In den vergangenen zehn US-Rezessionen seit 1950 betrug der maximale Verlust des Aktienindex S&P 500 zwischen 14 und 57%. Der Mittelwert liegt bei –33%. Die Gewinne brachen im Schnitt um ein Viertel ein, die Bewertungen um die 20%.

Typischerweise, also im Durchschnitt, begann der Index sieben Monate vor Rezessionsbeginn zu sinken und erreichte das Tief vier Monate danach. Doch die Varianz ist gross: So gab es etwa Abschwünge wie jene von 1953/54 und 1960, während denen die US-Börsen fast 20% zulegten, und solche wie nach Dezember 2007, an deren Ende der S&P 500 immer noch fast 40% tiefer notierte. Das zeigt auch, wie wichtig und schwierig zugleich es ist, als Anleger eine Rezession zu timen.

Die UBS-Analysten um Stratege Bhanu Baweja sind noch einen Schritt weitergegangen und haben die US-Abschwünge der letzten hundert Jahre in tiefe und milde Rezessionen eingeteilt. Grenzwert war ein Rückgang des BIP von 3%.

Dabei kam heraus, dass in den sieben tiefen Rezessionen der Aktienmarkt im Mittel rund 35% verlor und der Boden erst neun Monate nach Beginn des Abschwungs erreicht war (vgl. Grafik). In den zehn milden Rezession beschränkten sich die Börsenverluste hingegen auf 11%, wobei der grösste Teil schon vor Beginn der Kontraktion anfiel.

Rosa Gewinnschätzungen

Ist eine Rezession, zumindest eine milde Form davon, mit der Börsenbaisse schon längst eingepreist?

Nicht unbedingt, findet Baweja. Der bisherige Kurszerfall sei im Wesentlichen das Resultat des Liquiditätsentzugs, nicht von Rezessionsängsten. Tatsächlich wurden nicht die Gewinnerwartungen angepasst, sondern nur die Bewertungen. Spiegelbildlich zu den Realzinsen ist das Kurs-Gewinn-Verhältnis des S&P 500 von über 30 auf unter 20 gefallen.

Bei den Earnings ist die Fallhöhe gross: In den USA gehen die Unternehmensanalysten immer noch von einem überdurchschnittlich hohen Gewinnwachstum von 8% für dieses Jahr aus, angeführt von hohen Gewinnerwartungen an die Sektoren Energie (130%) und Industrie und Baustoffe (rund 30%). Für europäische Aktien liegen die Erwartungen gar noch höher bei +14%. Für 2023 wird ein Gewinnwachstum von 11% (USA) und 4% (Europa) veranschlagt.

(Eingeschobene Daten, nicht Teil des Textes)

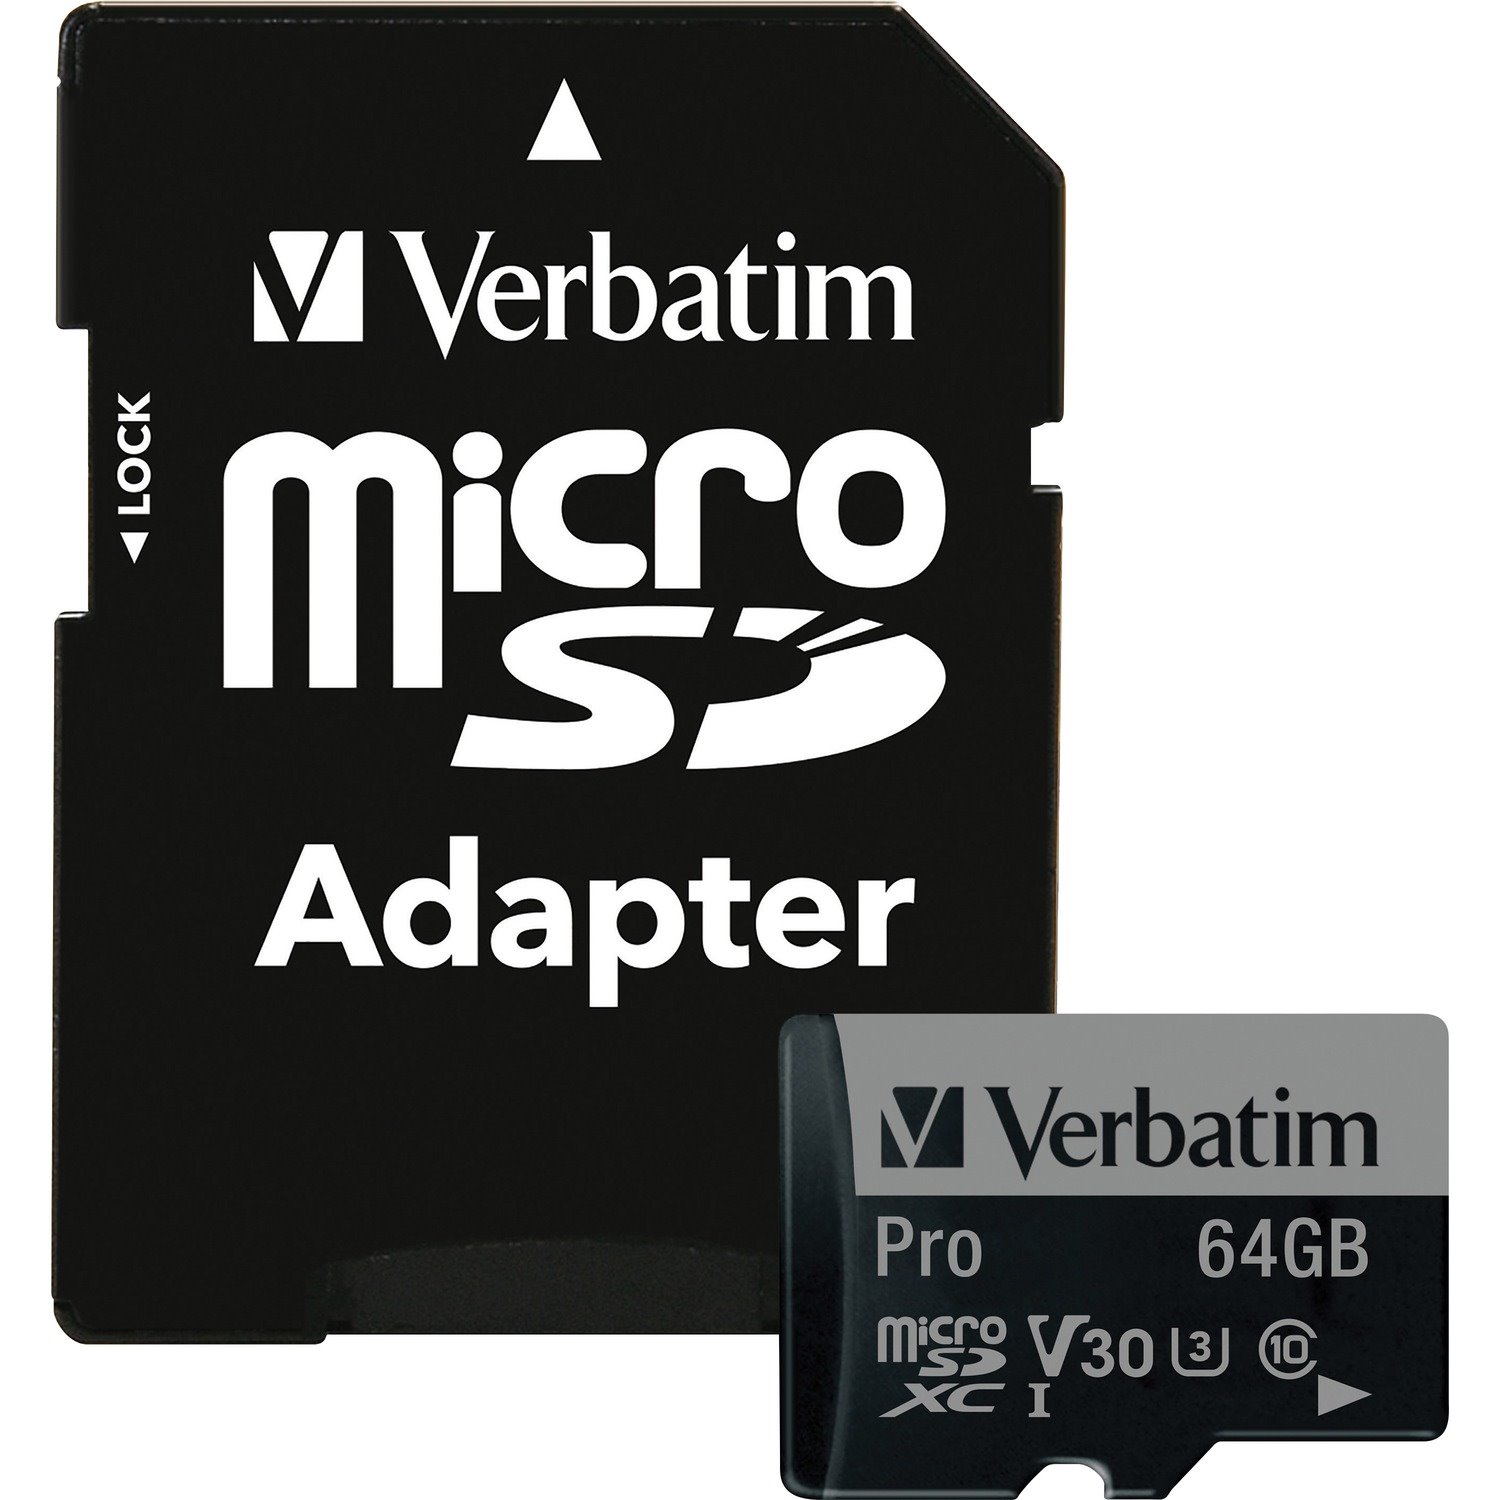 Verbatim 64GB Pro 600X microSDXC Memory Card with Adapter, UHS-I U3 Class 10

In einer Rezession würden die US-Gewinne nächstes Jahr 10% einknicken, schätzt Citi. Für europäischen Konzerne sieht es nicht besser aus. In den letzten fünf Rezessionen erlitten sie einen durchschnittlichen Gewinneinbruch von 30%.

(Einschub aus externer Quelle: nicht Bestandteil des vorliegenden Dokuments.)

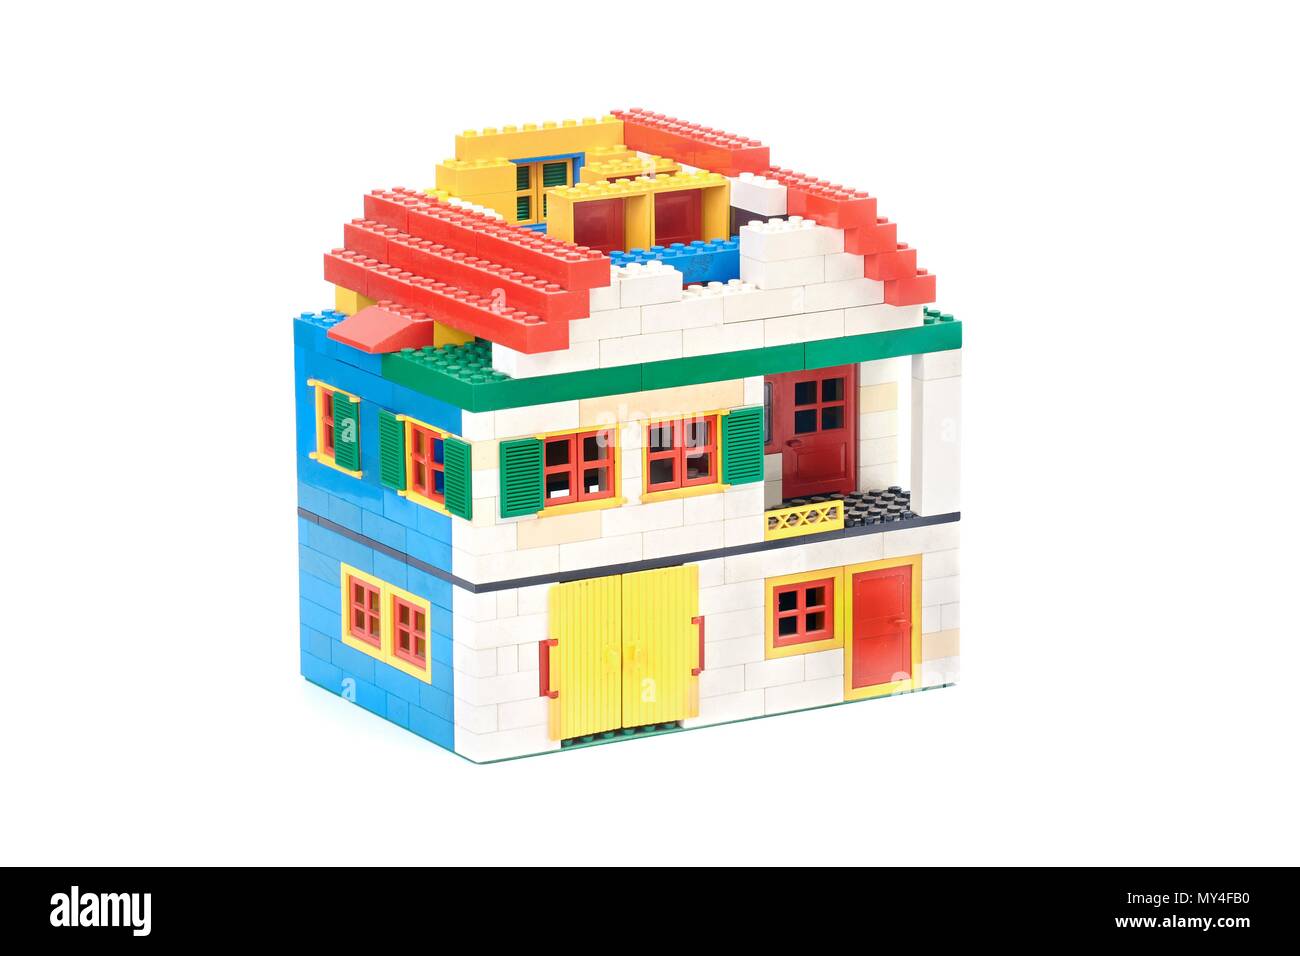 Lego Brick House Stockfotografie - Alamy

Bis die Analysten der einzelnen Unternehmen (Bottom-up) allerdings die Gewinnprognosen anpassen, dauert es in der Regel lange, meistens hat dann die Rezession schon begonnen (vgl. Grafik).

Die Top-Down-Schätzungen sind zeitnaher. Goldman Sachs etwa hat die Prognosen für den europäischen Aktienmarkt bereits deutlich gestutzt:  Für dieses Jahr rechnen sie noch mit einem Zuwachs der Profite um 7%, bevor sie 2023 stagnieren sollten.

Wenn sich die Wirtschaftsaussichten weiter eintrüben, ist es nur eine Frage der Zeit, bis sich Gewinnwarnungen und Abwärtsrevisionen der Schätzungen häufen. Für die Aktienkurse verheisst das nichts Gutes.